Нельзя не подчеркнуть, что равную долю ответственности за формирование этой модели экономической системы в нашей стране, а значит, и за характеризующее ее состояние бедности значительной части населения, должны по праву разделить между собой как государство, которое последовательно сбрасывает с себя заботу о функционировании и развитии социально-культурной сферы, фундаментальной науки (что проявилось в начавшемся в 2013 г. реформировании Российской Академии наук), так и общество, которое еще в советский период утратило свою способность активно бороться за реализацию экономических интересов своих членов. Если в развитых странах с демократическими традициями угроза внесения даже небольших поправок в трудовой кодекс выводит на улицы миллионы человек, то российское общество зачастую безмолвствует даже в ситуации, когда попираются сами его жизненные устои. Можно ли в этих условиях удивляться стремлению властей все трудности переходного периода к рыночной экономике последовательно перекладывать на плечи народа?
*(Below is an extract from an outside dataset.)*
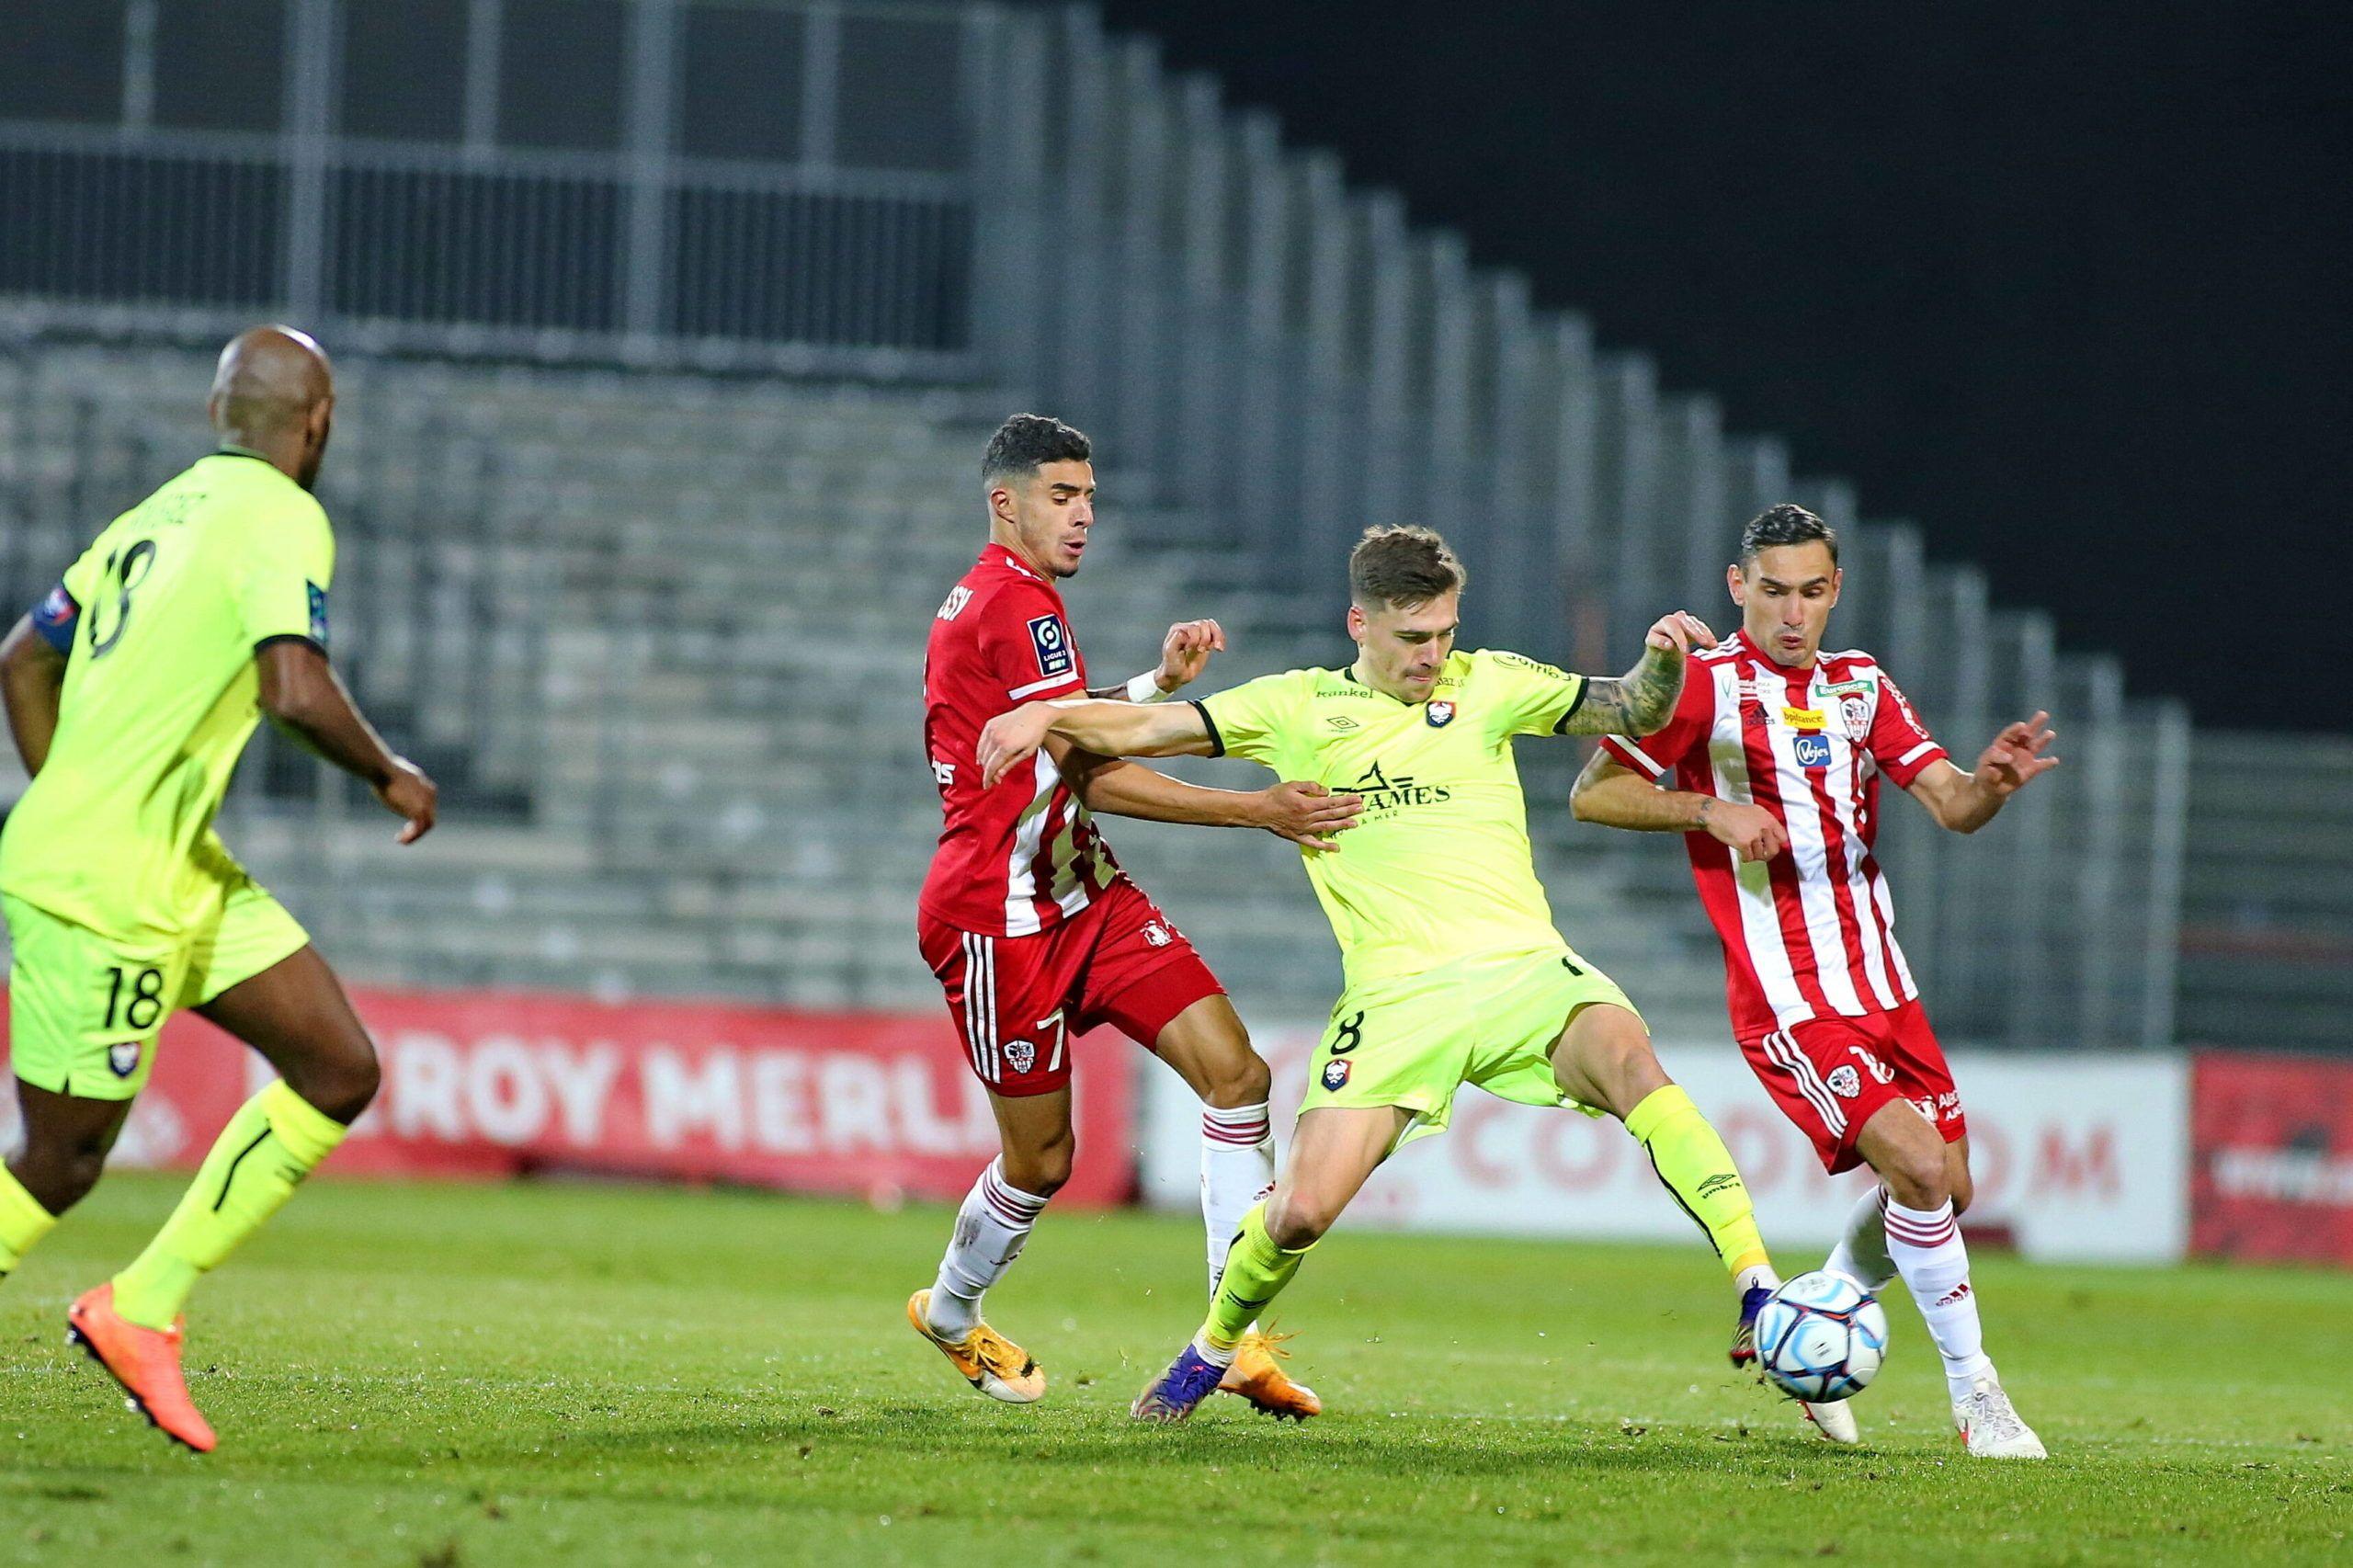 Le match entre Ajaccio et Caen menacé en raison du covid-19 ?

Конечно, как и любая другая разновидность экономической системы, мафиозно-бюрократическая модель реализует и некоторые позитивные функции. Ее становление позволило эволюционным путем демонтировать некоторые фундаментальные устои планово-регулируемой советской экономики (прежде всего структуру отношений собственности), избежав полномасштабных социально-политических конфликтов в ходе распада сверхдержавы. И хотя в России свершилась далеко не бархатная революция, военных конфликтов между различными народами (за исключением Чечни) все же не наблюдалось. Однако созидательный потенциал этой навязанной нам извне модели серьезно ограничен: в ее рамках невозможны формирование цивилизованных рыночных отношений, неуклонный рост эффективности производства и движение к постиндустриальному обществу, рациональное использование бюджетных средств, искоренение «голландской болезни», повышение уровня жизни большинства населения. Олигархическая модель является тупиковой ветвью цивилизации, и нынешняя эволюция российского общества в русле данной модели, по сути, лишь отдаляет во времени момент действительного выбора среди вариантов смешанной экономики. Сама практика последних почти двух десятилетий доказывает недееспособность подобной модели, нецелесообразность ее сохранения в будущем и объективную потребность в ее трансформации в качественно иной социальный организм. По мнению С. Губанова, «объективно назрел крутой поворот к государственно-регулируемому хозяйству, вертикально-интегрированному по своему строению и социально-ориентированному по стимулам и результатам труда, а также централизованному воздействию на распределение вновь созданной стоимости». Но этот поворот возможен лишь в случае нахождения действенных механизмов, обеспечивающих трансформацию сложившейся в прошлом модели социально-экономического устройства российского общества. Между тем к настоящему времени долгосрочным правительственным программам (включая «Программу 2020») присущи как иллюзорное представление о производственных возможностях государственно-корпоративной модели, так и явная диспропорция между масштабными целевыми установками и аморфным инструментальным обеспечением их реализации. Причем зачастую вместо конкретных детализированных алгоритмов целевой ориентир включает лишь то, что актуально для любой страны на любом этапе ее развития.